POLANDA : - powered by PolishForums Classifieds [70] Off-Topic [257]
3,628    

Off-Topicpage 2 of 121

Poland`s aid to Ukraine if Russia invades - part 5



PolAmKrakow
31 Jan 2023  #31

@Novichok
Then none of us have any friends. Can we be friends Novi?

Meanwhile in the war, where lots of Orcs are being turned into mincemeat, reports are now coming out that Russian courts have intervened and forced more than 9000 men that were mobilized illegally back to Russia. Turns out that the old and medically infirm probably shouldn't be on the front lines and dying. Looks like my new friend Novi is safe if he gets to Russia. Praise be to Comrade Stalin and happy gulag biatches!

cms neuf
31 Jan 2023  #32

Yes Russia is too poor to make ammo. And too drunk as well - the "workers" in those munitions factories are plastered by breakfast. Whatever they make will be the wrong size with faulty fuses, just like your Vietnamese shoes and your North Korean tv.

pawian
31 Jan 2023  #33

"Russia fires 60,000 rounds a day. Ukrainians can 6,000",

That was last summer, today no more. Russians are also troubled with shortages. Like in communist times, so they feel like at home. :):):)

Crnogorac3
31 Jan 2023  #34

ZORAN MILANOVIC, PRESIDENT OF CROATIA AGAINST GERMAN TANKS

WATCH

bitchute.com/video/RYzmqJPQkWfQ/

BREAKING Croatian President Zoran Milanovic is now on the Ukraine kill list.

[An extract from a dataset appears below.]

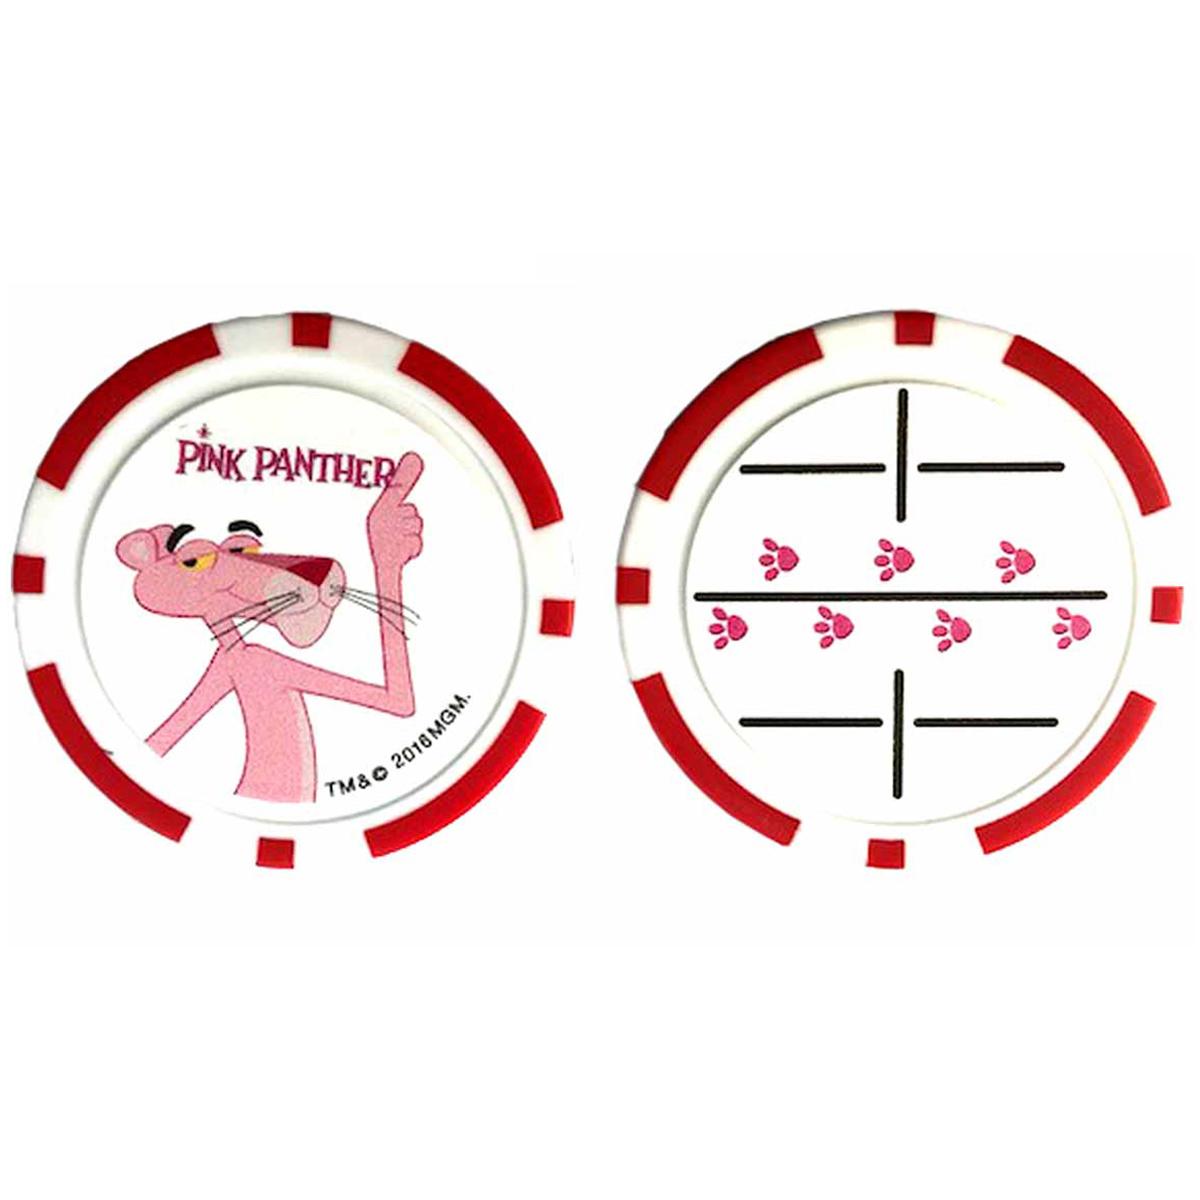 ピンクパンサー ゴルフチップマーカー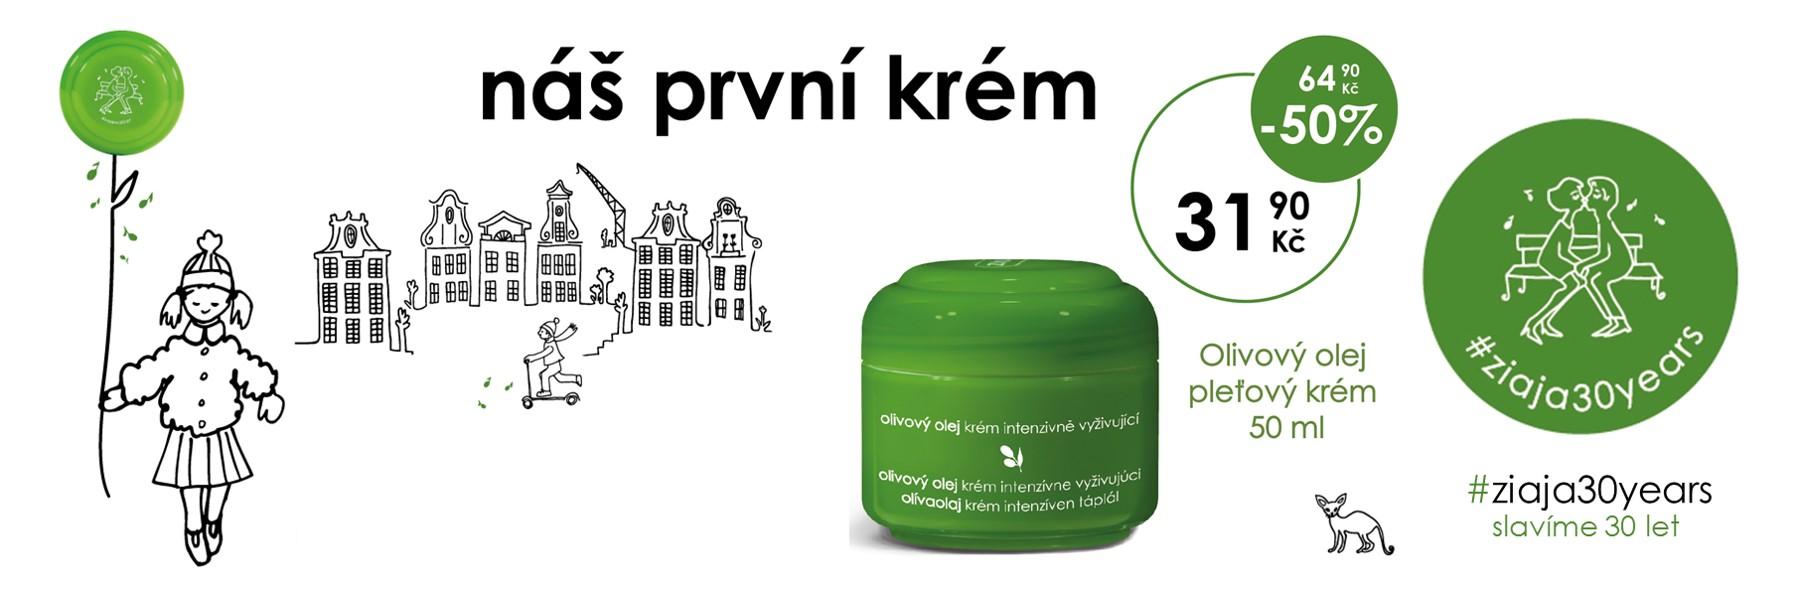 #30years_oliva krém_-50%

twitter.com/FiorellaIsabelM/status/1620417502873550848

Ukrops can only accept to blow his dick.

pawian
31 Jan 2023  #35

Smartly, Budanov didn't say which summer and what "everything" is

That is normal muscle flexing before real negotiations. Russians will be allowed to keep the Crimea as a territory subject for further complex negotiations but they will have to withdraw from all other regions. Also, pay reparations and send their war criminals to the Hague.

PRESIDENT OF CROATIA

So there is our fave balance coz the new Pres of Czechia is proUkrainian. Ha!!!

Bobko
31 Jan 2023  #36

Sharing an article for you, dear supporters of Russia, to enjoy:

washingtonexaminer.com/restoring-america/courage-strength-optimism/estonia-west-russia-losing-weapons-production-race

Here's a juicy little excerpt:

Russia's defense industry has "almost doubled" its prewar ammunition production rates, according to a senior NATO member defense official who estimated that Ukrainian forces could face as many as 10,000 incoming rounds per day

Meanwhile, last week, thanks to the NYTimes we learned that the United States plans to ramp up its artillery production sixfold over the next two years. This would bring monthly production volumes to 90,000 artillery shells.

In other words, it will take the United States 2 years, to get to less than a third of the level of munition production Russia currently enjoys - 90,000 shells vs 300,000 shells. Europe is totally screwed, of course, with Scholz saying it will take at least 20 billion Euro and 15 years to build new munitions plants and that would merely replace the munitions provided to Ukraine.

NYTimes link: nytimes.com/2023/01/24/us/politics/pentagon-ukraine-ammunition.amp.html




johnny reb
31 Jan 2023  #37

Why would Russia be running out of ammo? Too poor to make some? Who told you that?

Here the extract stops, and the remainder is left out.